Novela, Beda Estrada
Editorial Forja, 267 páginas
Por Antonio Rojas Gómez
Cuatro historias, todas con los mismos protagonistas, incluye este libro insólito de Beda Estrada. Me parece que “insólito” es el adjetivo más adecuado que puedo emplear. Porque si bien es sabido que hay un gran número de escritores que están incursionando en la novela negra, de crímenes y enredos policiales, no se me habría ocurrido nunca pensar que uno de ellos estuviese recluido en un claustro monacal y vistiese el hábito de monje benedictino. Tal es Beda Estrada. Pero si el autor del libro resulta insólito, mucho más lo es la protagonista, porque el cerebro encargado de desentrañar las argucias planteadas es el de sor Helena, una monja joven, que acaba de tomar los hábitos.
Las aventuras que encontramos en las páginas del libro no guardan relación con la vida monacal.

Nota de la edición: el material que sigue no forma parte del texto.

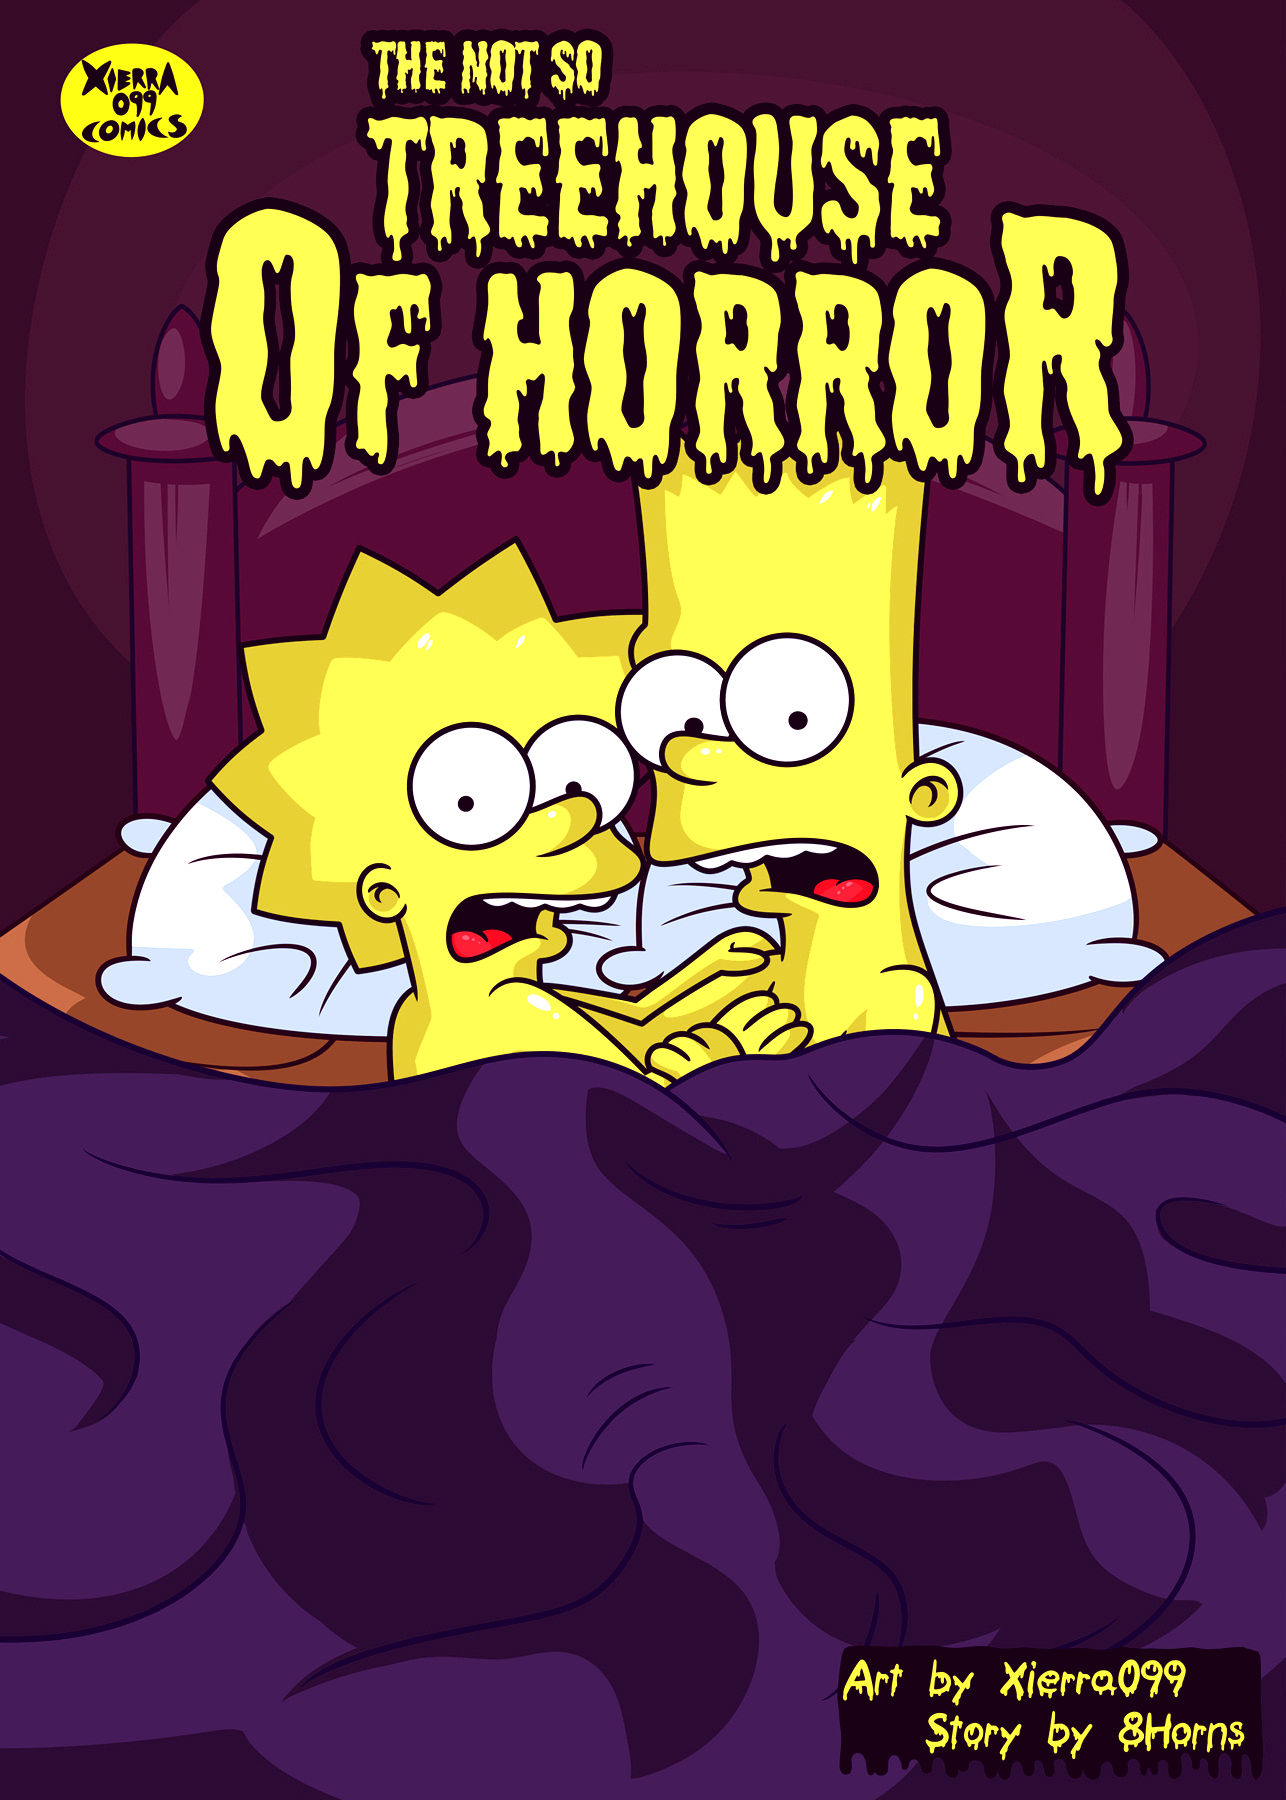 Bart and lisa simpson porn comic

Nadie atenta contra ningún monje ni contra una religiosa. En el primero de los cuatro relatos – “Al final del partido”- la víctima es un futbolista, integrante de la selección chilena, que muere asesinado en el camarín del estadio mientras se duchaba después de un entrenamiento. Una historia similar es la que contó Juan Cristóbal Guarello en su novela “Un muerto en el camarín”. Claro que Guarello es periodista deportivo, no es monje benedictino. En cualquier caso, resulta muy ingeniosa la manera de que se vale el autor para acercar a sor Helena al mundo del fútbol: el entrenador de la selección es un católico fervoroso, que regala al convento una máquina de trotar para que las monjas hagan ejercicio. El obsequio entusiasma a las hermanas mayorcitas, abundantes en kilos y grasa de más. A sor Helena, joven y delgada, no la entusiasma para nada, pero solidaria, como debe ser, acude a los camarines del estadio para conocer el funcionamiento de las máquinas trotadoras y ver en qué falla la del convento. Y bueno, consigue descubrirlo y descubrir, además, quién y cómo ultimó al ídolo de la selección, Ian Pérez, y a un segundo futbolista, capitán del seleccionado nacional, por añadidura.
En el segundo relato –“Muerte en “Le coeur du the”-, cambiamos el escenario por completo. Se aproxima la Navidad y sor Helena va a dejar una caja de dulces hechos por las monjas a un negocio de té. Va en uno de los dos autos del convento: un Isetta 300, el “huevo móvil” de los años sesenta, rojo, con dos franjas amarillas que lo atravesaban por el medio. Cuando llega a entregarlos, se encuentra con que “una mujer mayor de canoso cabello estaba sentada detrás de su escritorio, sus brazos colgaban inertes a ambos lados del asiento, la mirada se posaba fijamente en el techo, su cuello ostentaba una cinta escarlata y su boca se abría dejando ver que algo brotaba dentro de ella”. (Pág. 120)
Ahora el desenlace es al estilo de Poirot, en las novelas de Agatha Christie, con todos los personajes reunidos en una habitación y el héroe explicando el caso y acusando al autor. Aquí el héroe es la heroína, sor Helena.
En la tercera historia –“Allí hay gato encerrado”- sor Helena es raptada por un par de hermanos gemelos, hombre y mujer, malhechores, quienes esperan conseguir que la monja, con sus capacidades deductivas, encuentre el testamento de su tía, que ha fallecido hace algunos años. Aquí la historia se traslada de Santiago al pueblo de Cunaco, a una casa antigua y señorial, y también interviene un campamento de gitanos instalados en los alrededores. Hay una variación porque no se trata de un homicidio, sino de sacar a luz una fechoría de los gemelos y poner de relieve ciertos valores positivos, encarnados aquí por los gitanos.
En la cuarta aventura –“Mors osculi, la muerte del beso”- volvemos al crimen, esta vez en ambiente universitario. Y sor Helena, que se movió con tanta soltura en el mundo de los deportes, de los negocios y de la gitanería, no iba a tener dificultades para desentrañar el homicidio de un académico. Es preciso aclarar, sí, que la monja no anda sola metida en los ambientes de crímenes y sospechosos y no se le abren las puertas por la gracia de Dios; la acompaña un amigo detective, de nombre Héctor, que fue asistente del padre de sor Helena, cuando este era un alto jefe del Servicio de Investigaciones, que hoy es PDI.
Beda Estrada, el autor, es un hombre que maneja el oficio de la escritura. Su prosa es ligera, clara, expresiva. No abusa de la adjetivación ni de las descripciones prolongadas. Utiliza bien los diálogos. Tiene capacidad imaginativa y sabe armar una historia. Sabe, además, cómo contarla con amenidad. Su libro resulta muy entretenido y abre a los ojos del lector el quehacer de la vida conventual más allá de sus connotaciones religiosas.
Cualquier parecido con la realidad sólo coincidencia.